# Detector de frecuencias de 1Khz



## geronimoo (Nov 1, 2007)

Buenas y santas!
Soy nuevo en el foro y saludo a todos los amantes de la electronica, pase un par de veces por el foro y me parecio el mejor lugar para plantear mi duda.

Estoy realizando un proyecto para una materia de la facultad, y el circuito no va para ningun lado.
Estoy desarrollando un detector de frecuencias de 1Khz.
El problema creo que es el filtro pasabanda, ya que pruebo la etapa de preamplificación del electret usando un led, y este se enciende cuando hablo.

Adjunto una imagen del esquema que uso para mi proyecto.
Agradecere cualquier mano o ayuda.
Saludos!


----------



## tiopepe123 (Nov 2, 2007)

Si solo deseas detectar el 1khz hay un integrado especializado como el ne567 que es un detector de tono.

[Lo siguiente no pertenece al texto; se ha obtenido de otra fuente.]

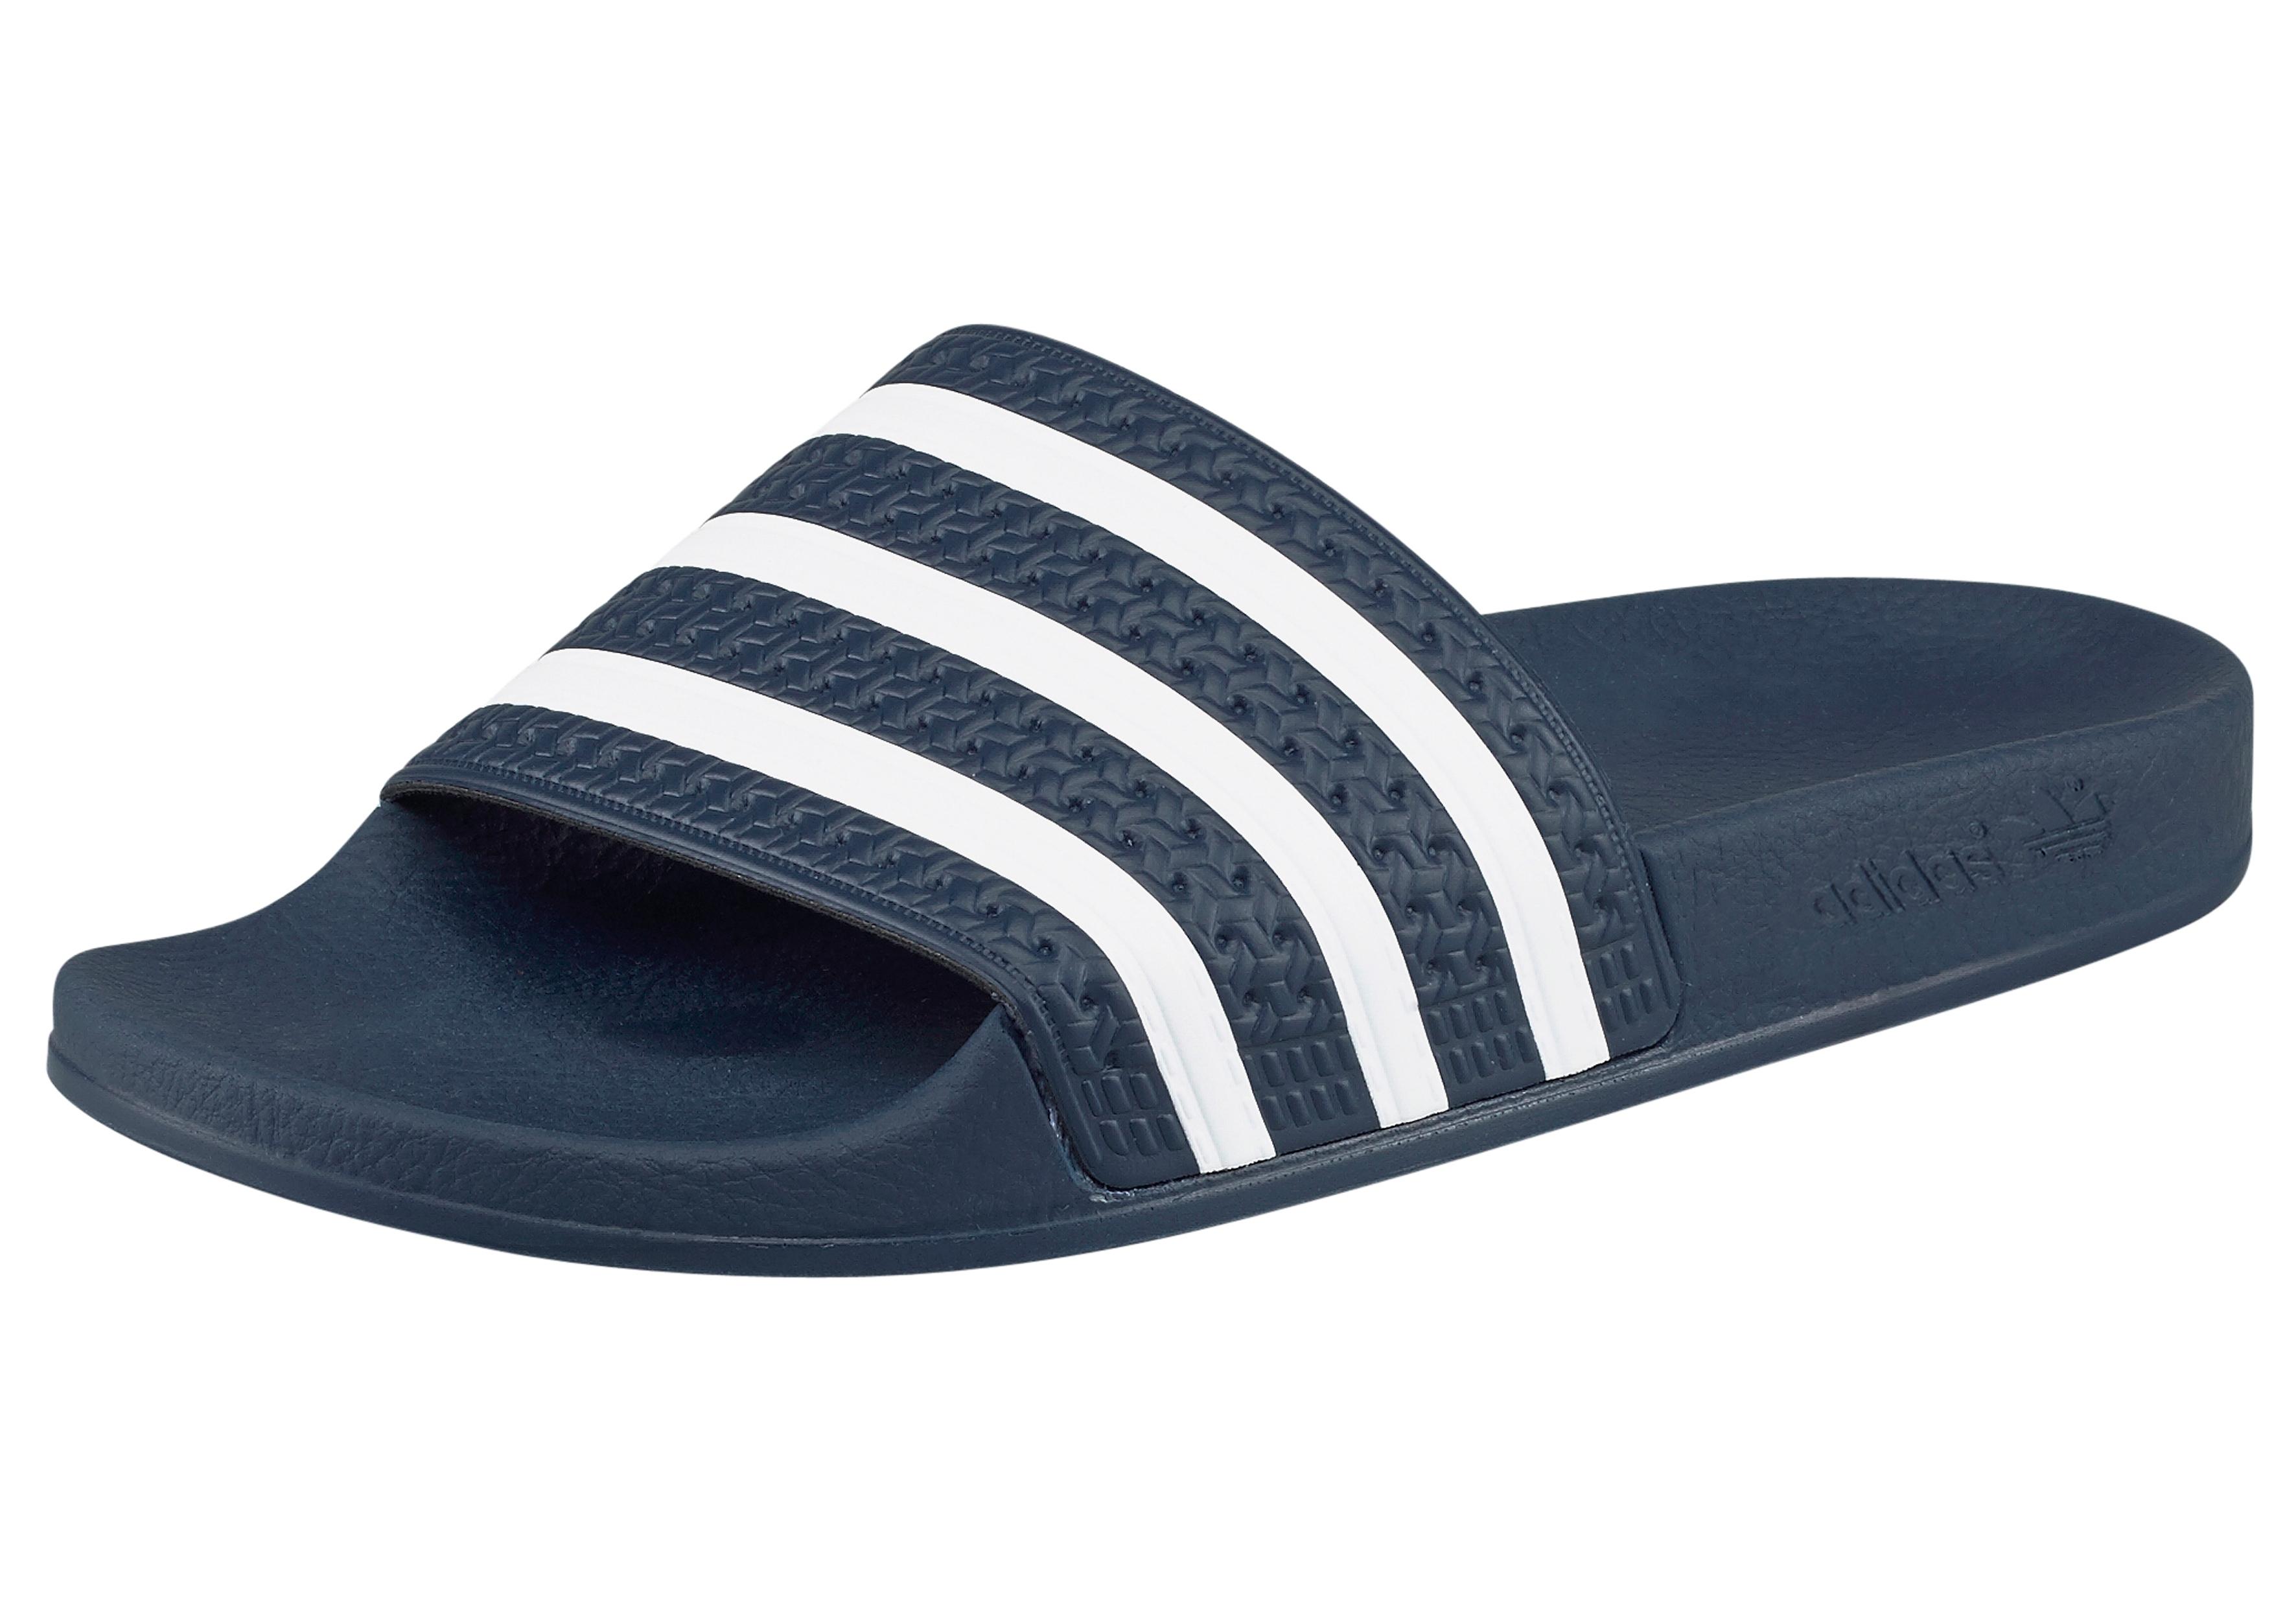 e5659728384 adidas Originals Badslippers Adilette? Bestel nu bij | OTTO

Aunque es recomendable utilizar un ne567 + preamplificador para obtener unos 200mV del micro.

Esto seria un circuito que deberia funcionar.

Ojo el tanque LC no lo he calculado hazlo ud. f= 1/6.28 Raiz cuadrada(LC)

Para mejorar el circuito deberias recalcular los condensadores


----------



## geronimoo (Nov 5, 2007)

Muchas gracias por el circuito.
Esta tarde compro los componentes y pruebo.
De paso también voy a comprar el 567 del que estuve leyendo y es bastante interesante.
Saludos!


----------